Although this check adds robustness to the Vision system, it may have undesired effects in some situations, since it gives more importance to the information stored in the Visual Memory than to that coming from the Vision system. For instance, if the location of a correctly detected landmark differs too much from its location stored in the Visual Memory, not because of an error of the Vision system, but due to the imprecision of the stored location, it will not be updated, although it should be. Another problematic situation would arise if the robot were moved to another location, without it noticing it (what is known as the ``kidnapping problem''). From the new location, the Vision system would detect some landmarks, but their locations would not match at all with the locations stored in the Visual Memory, and, therefore, they would not be updated either. The first problem can be solved by changing the imprecision threshold above which the landmarks are removed from the Visual Memory, so that it only keeps those landmarks whose location is very precisely known. However, there is no way to solve the ``kidnapping problem''. The only way to handle it would be to have a better Vision system, so that it would not need to check the locations with the Visual Memory. Since we still do not have such a Vision system, and in our experiments the robot is never ``kidnapped'', we rely on the Visual Memory.

With all these provisions, landmarks are always correctly identified, therefore there is no uncertainty about the presence of landmarks, although there is imprecision about their exact location.

The fact of the Vision system being only capable of recognizing landmarks not further than 3 meters from the robot, together with the assumption of the initial visibility of the target, restricts the possible environments on which we can experiment.
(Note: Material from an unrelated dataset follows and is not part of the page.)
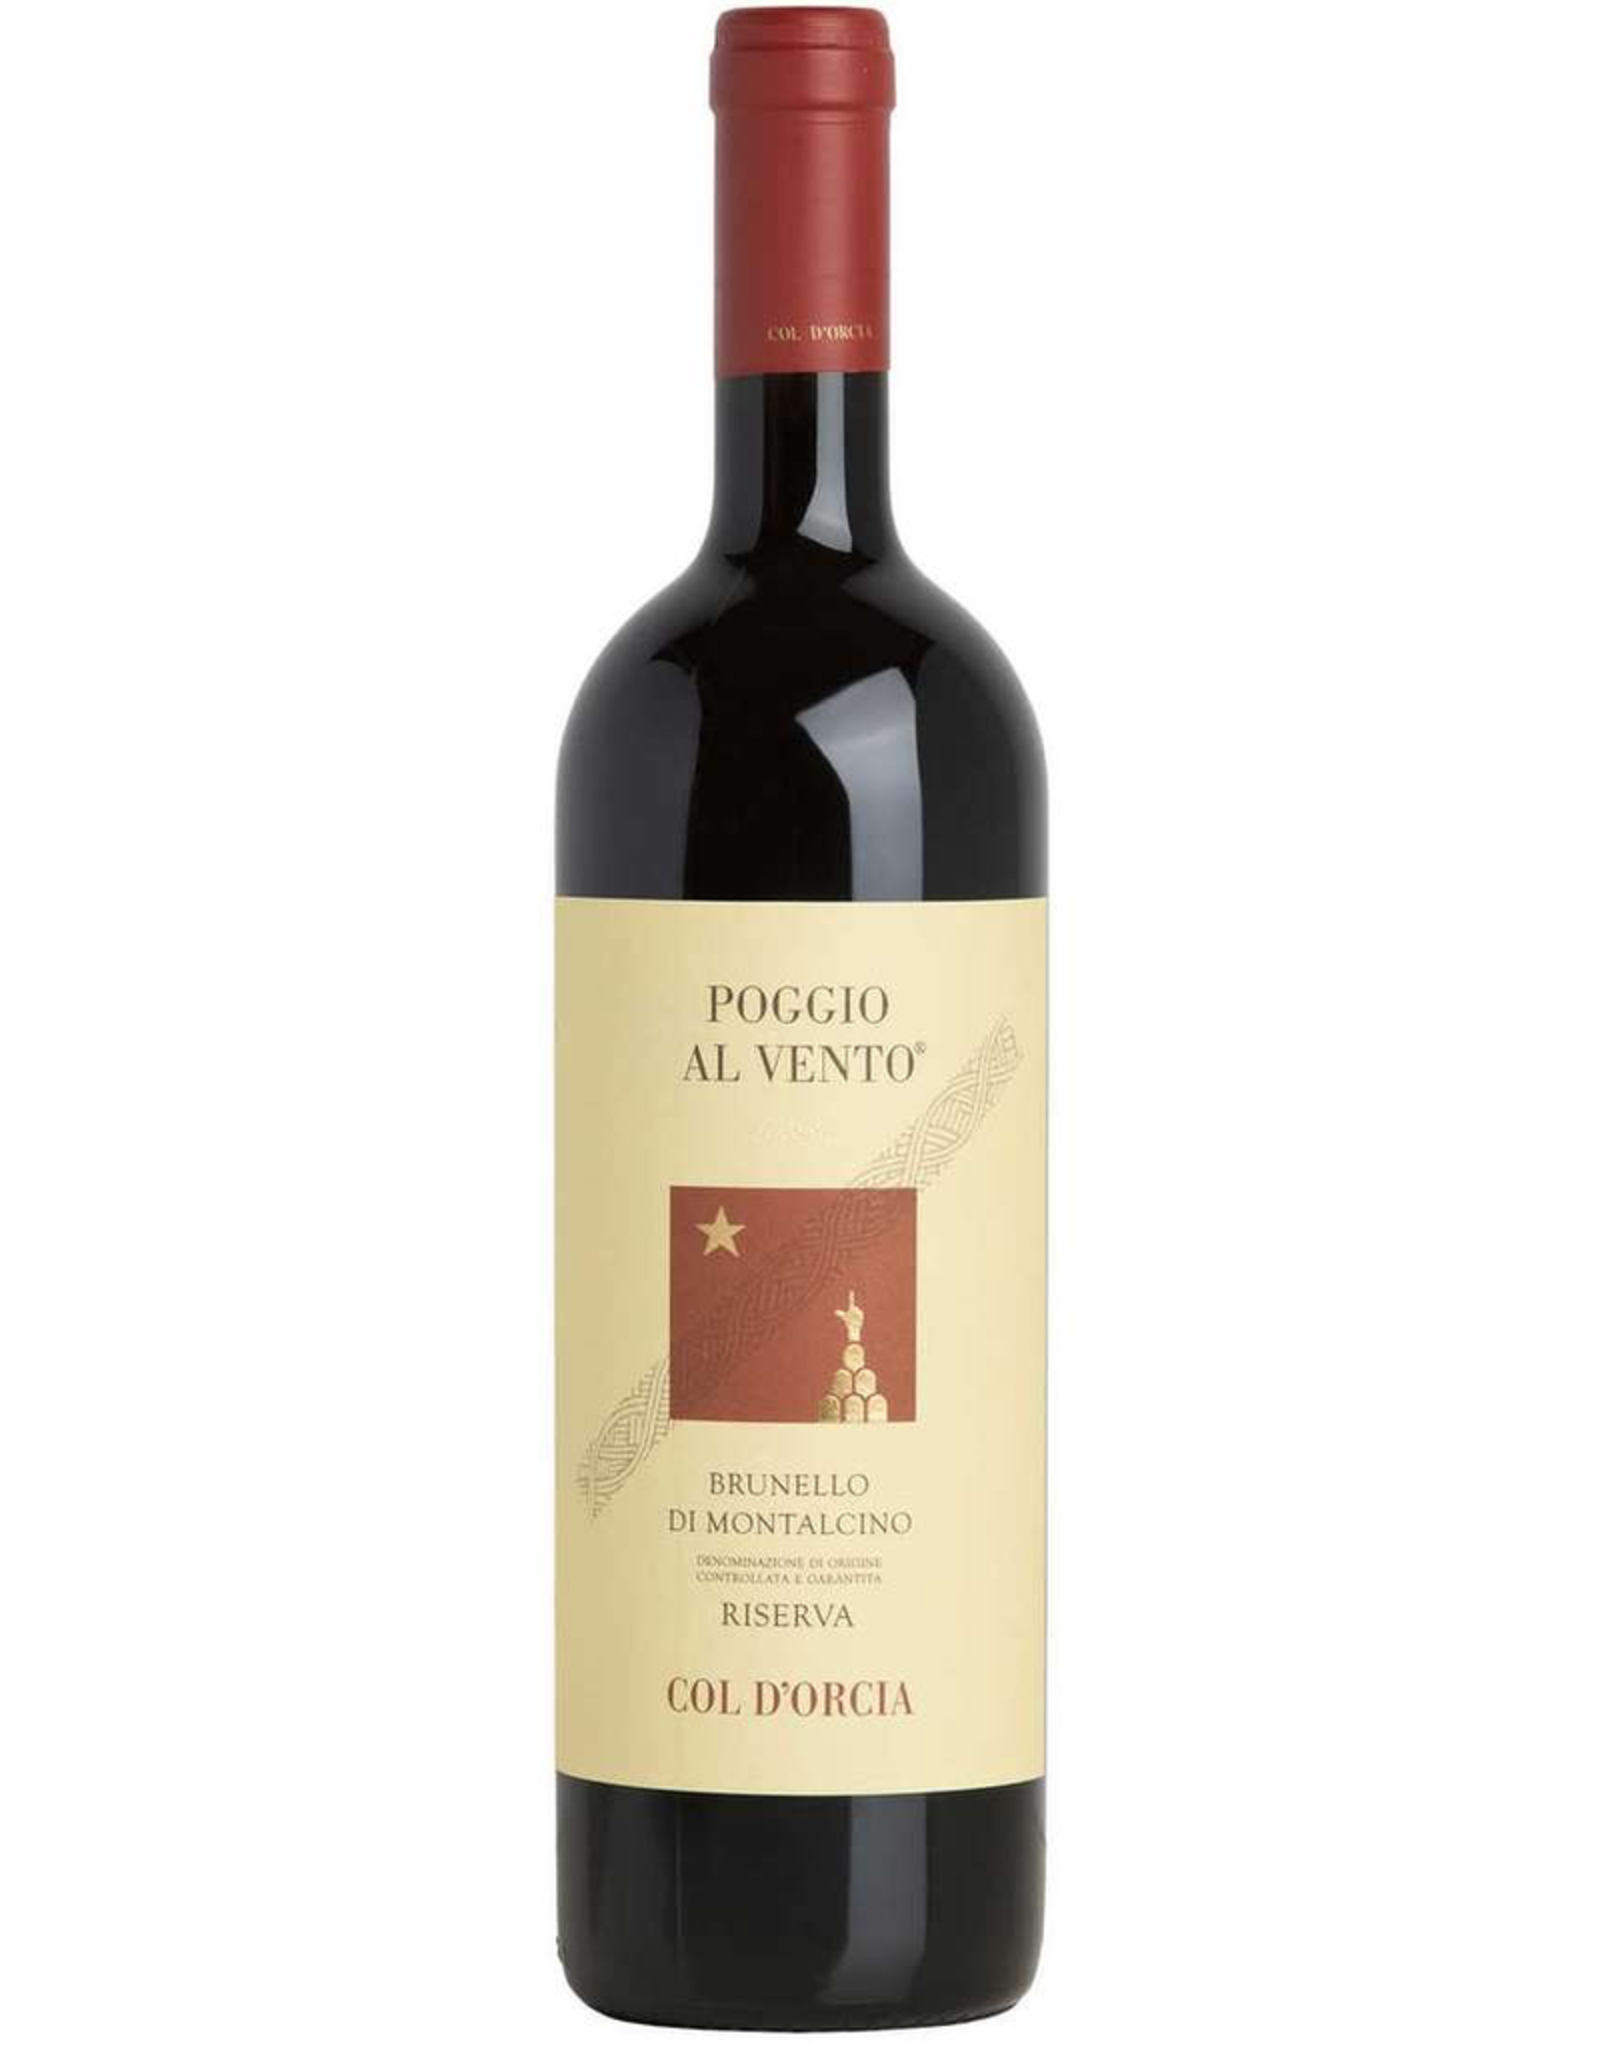 Red Wine 2001, Tenuta Col D'Orcia “Poggio al Vento” Brunello di Montalcino Riserva, Sangiovese, Montalcino, Tuscany, Italy, 14.5% Alc, CT92.8

In order to be able to test the Navigation system on more interesting (larger) environments, we have a special landmark label that is considered as the target and can be seen from 7-8 meters. This landmark label is of the same type as the rest, but has a larger size (DIN A1), and when computing the distance from the robot to it, this is taken into account. In Figure 6.5 this larger target landmark is shown (there are four ``standard'' landmarks, plus the larger target, placed higher than the others).